4.6. In Vitro Adipocyte Differentiation

To assess the effects of CTE on the differentiation of preadipocytes to adipocytes, the in vitro model of adipogenesis was carried out using the 3T3-L1 preadipocyte cell line (ATCC CL-173TM; American Type Culture Collection; Rockville, MD, USA).
Cells in exponential growth were seeded at a density of 4 × 104 cells/well in 24-well plates in complete medium (DMEM supplemented with 10% Fetal Bovine Serum (FBS), 2 mM L-Glutamine, 100 U/mL Penicillin and 100 mg/mL Streptomycin). Two days after reaching confluence, cells were induced to differentiate upon a three-day treatment using 0.5 mM 3-isobutyl-1-methylxanthine (IBMX), 10 µg/mL insulin, 1 µM dexamethasone and 100 µM ascorbic acid phosphate in complete medium. Then, cell culture medium was replaced, and cells were further cultured in complete medium containing 10 µg/mL insulin and 100 µM ascorbic acid phosphate for 3 more days. Thereafter, medium was replaced, and cells were cultured in complete medium until reaching 15 days. During the differentiation process, the cells were treated with CTE at the selected doses. CTE was added in every replacement of cell culture medium. An amount of 100 µM epigallocatechin gallate was used as a positive control.
Cell culture reagents were obtained from Thermo Fisher (Waltham, MA, USA). IBMX, insulin, dexamethasone, ascorbic acid phosphate and epigallocatechin gallate were from Merck Millipore (Burlington, MA, USA). Differentiation to adipocytes was monitored by Oil Red O (Merck Millipore; Burlington, MA, USA) staining. For this purpose, cells were washed twice with PBS and monolayers were fixed upon incubation with a 3.7% formaldehyde cold solution for 1 h. Cells were stained with 0.2% Oil Red solution in 60% (v/v) isopropanol for 30 min at room temperature. Then, cells were washed several times with water to remove unbound staining, and finally the plates were air-dried. Oil Red staining was extracted with 0.2 mL of isopropanol with gently shaking and absorbance was recorded at 492 nm.

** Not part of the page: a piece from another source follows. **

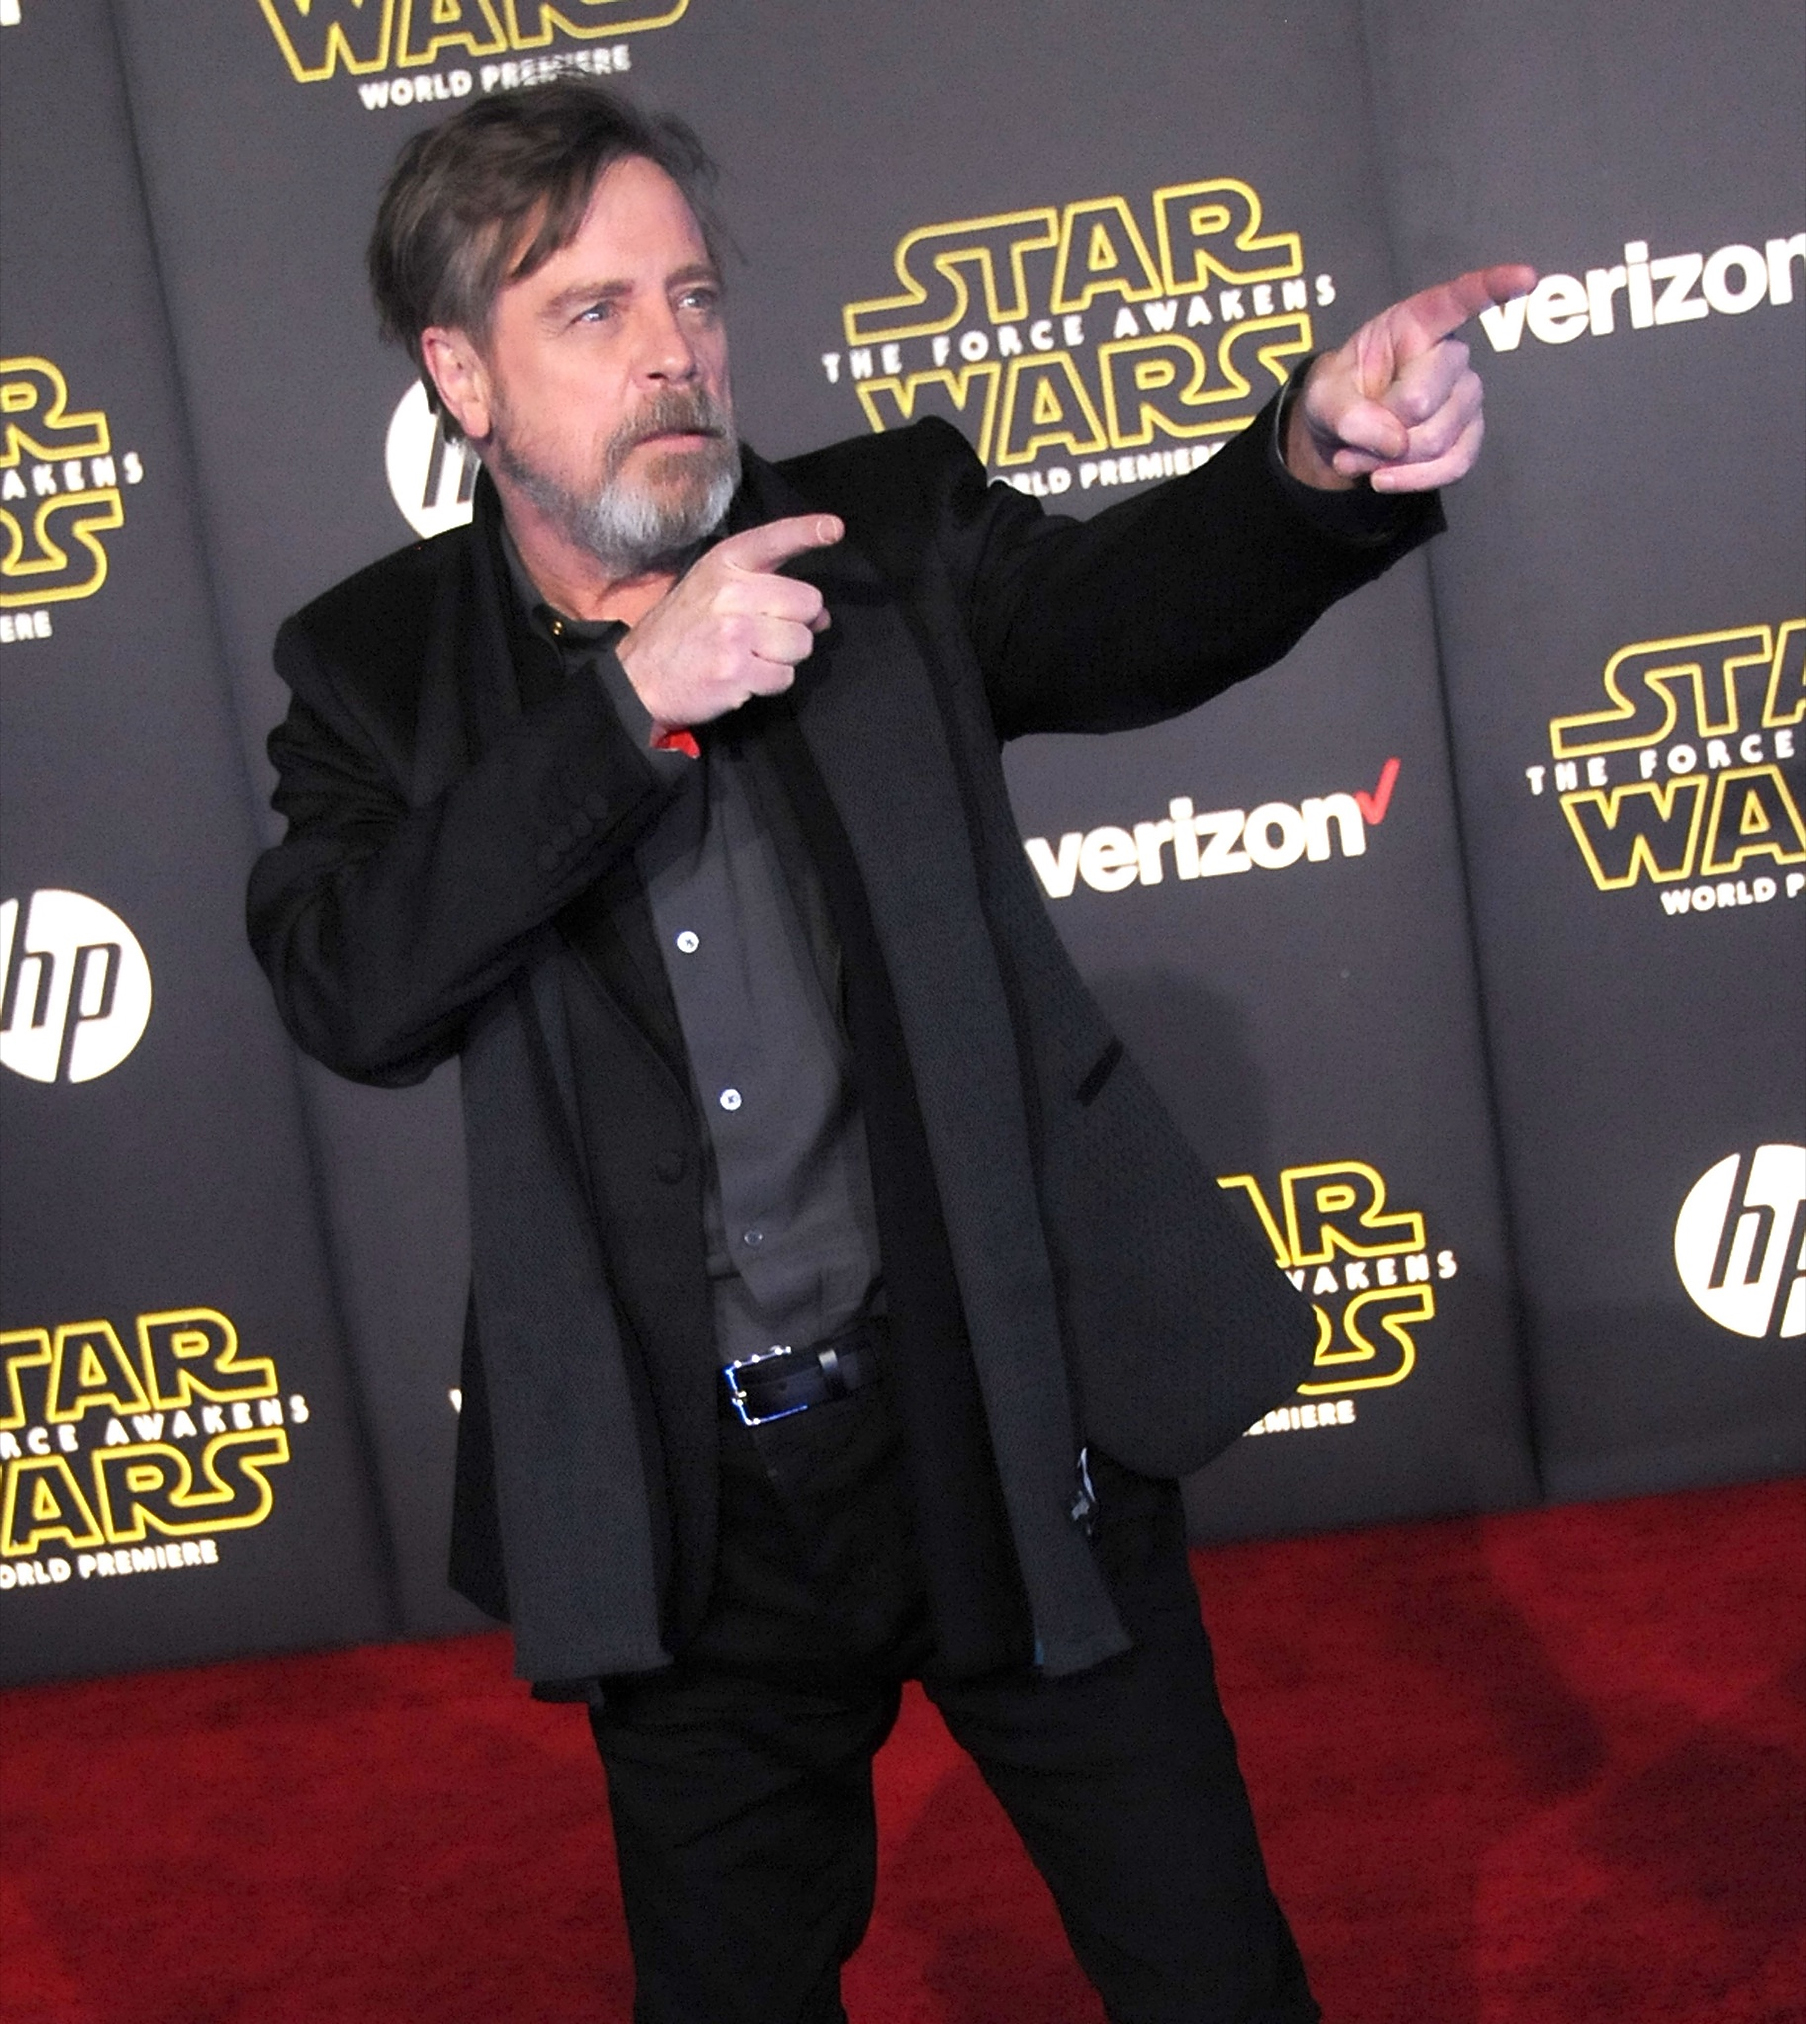 'Star Wars The Force Awakens' star Mark Hamill shows off dramatic

4.7. Fat Reduction Assays in C. elegans

Caenorhabditis elegans N2 wild-type strain (Bristol) were provided by Caenorhabditis Genetic Center (CGC), University of Minnesota (Minneapolis, MN, USA). Nematodes were routinely prepared on Nematode Growth Medium (NGM) plates with Escherichia coli strain OP50 as a food source at 20 °C.
Fat content in C. elegans was measured using the Nile red (Sigma Aldrich; St Louis, MO, USA) staining method as previously described [78]. Synchronized worms were incubated in NGM plates for three days until reaching young adult stage in presence of Nile red dye in the surface at 0.05 µg/mL. ADM® Tea Complex was added to the surface of NGM plates at final concentrations of 0.1, 0.5, 1 and 2 mg/mL, while Orlistat was used as a positive control at 6 µg/mL. After treatment period, nematodes were transferred to M9 buffer and the fluorescence was measured using an FP-6200 system (JASCO Analytical Instruments; Easton, MD, USA) with an excitement wavelength of 480 nm and an emission wavelength of 571 nm. Four experiments were performed per condition to analyze a total of 60 nematodes per treatment.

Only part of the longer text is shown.